● SUPPLIED DATA
= Beginning of Section =

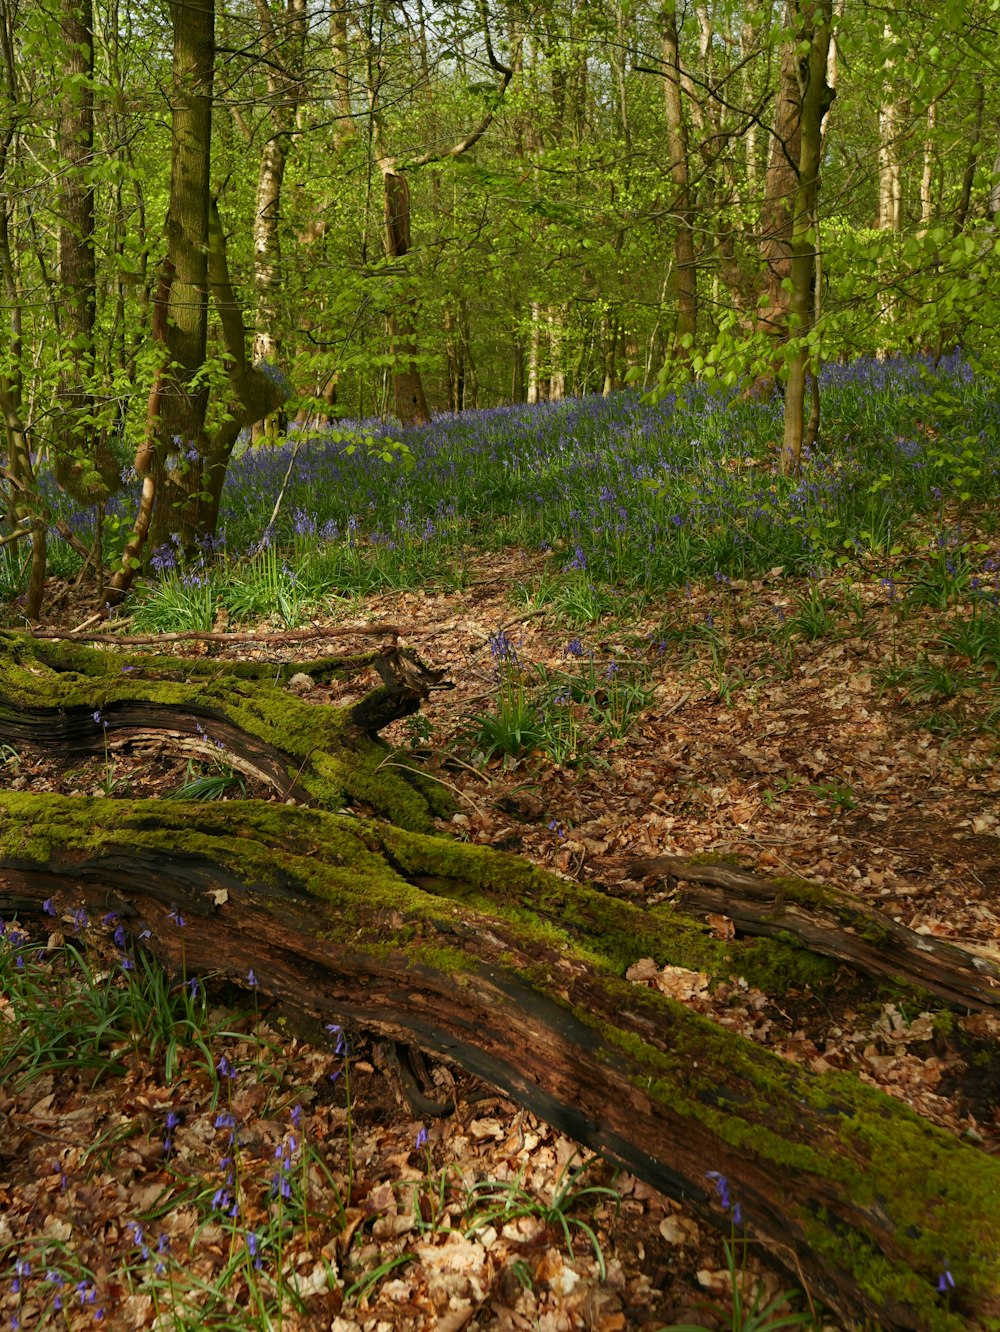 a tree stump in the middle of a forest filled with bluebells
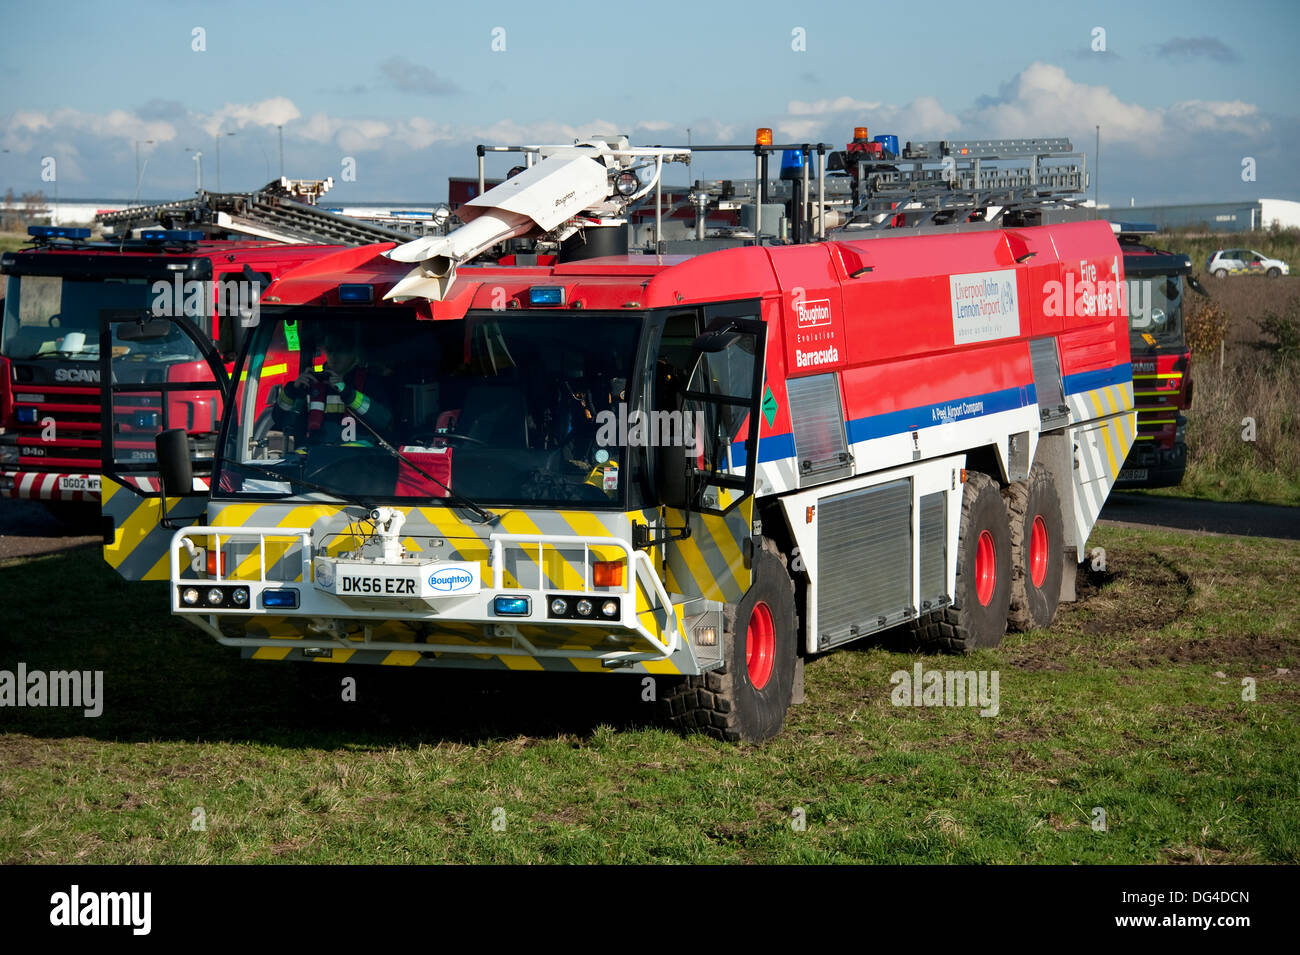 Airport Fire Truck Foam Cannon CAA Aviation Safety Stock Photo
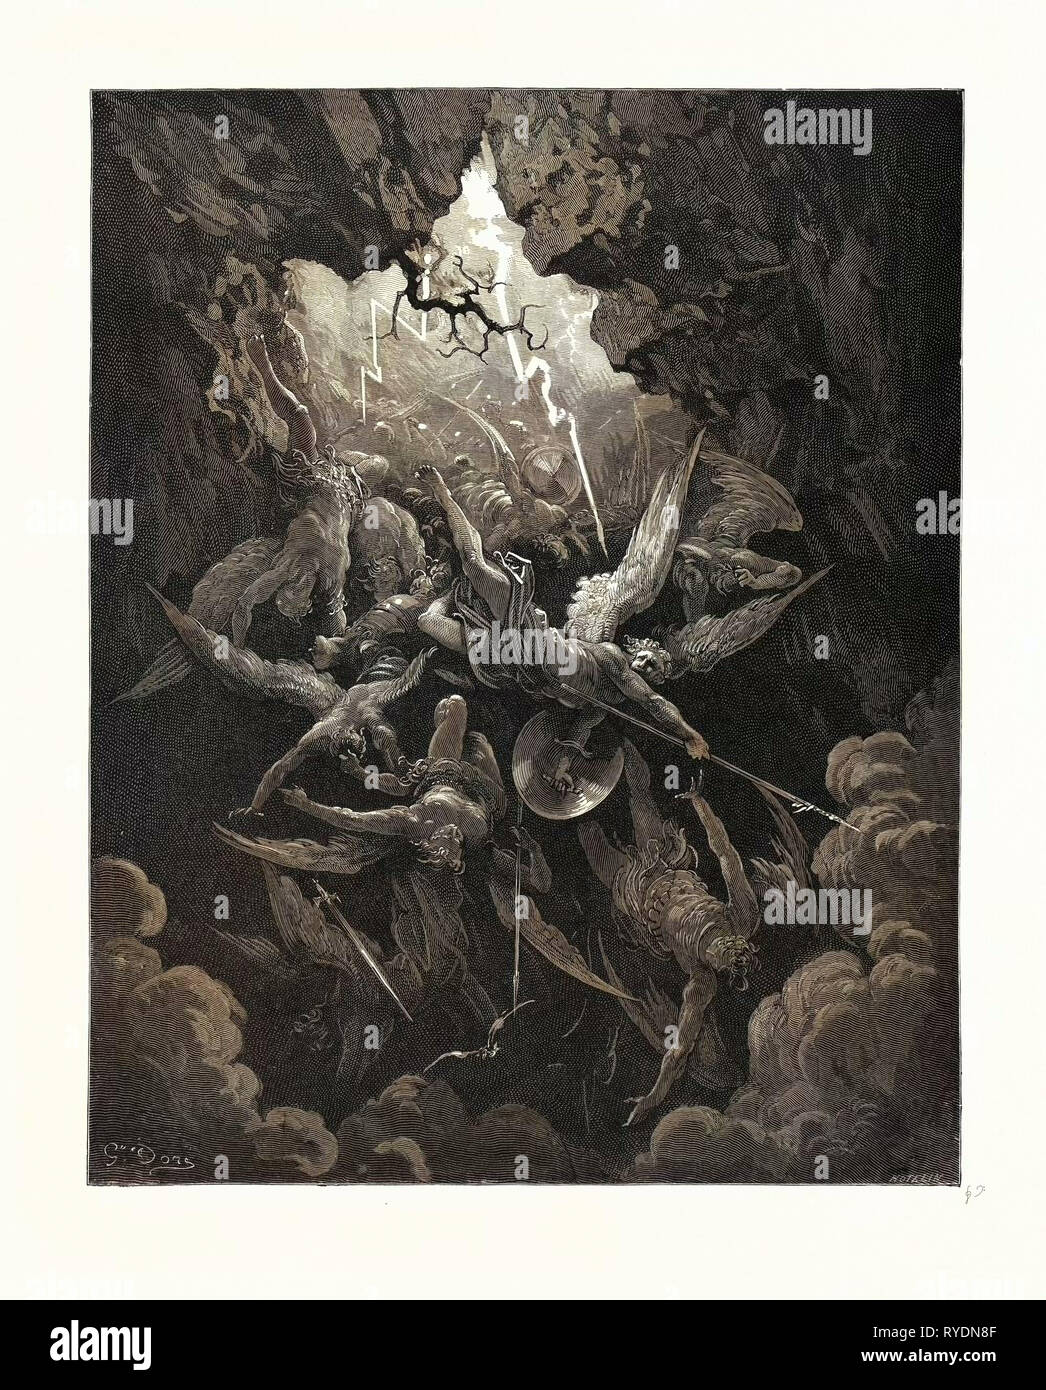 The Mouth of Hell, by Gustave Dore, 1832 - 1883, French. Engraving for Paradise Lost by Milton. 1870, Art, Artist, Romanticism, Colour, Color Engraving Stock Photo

= End of Section =

Could the data above be reproduced exactly, with the pictures left out?

● ANSWER FOR THE TASK
 a tree stump in the middle of a forest filled with bluebells
 Airport Fire Truck Foam Cannon CAA Aviation Safety Stock Photo
 The Mouth of Hell, by Gustave Dore, 1832 - 1883, French. Engraving for Paradise Lost by Milton. 1870, Art, Artist, Romanticism, Colour, Color Engraving Stock Photo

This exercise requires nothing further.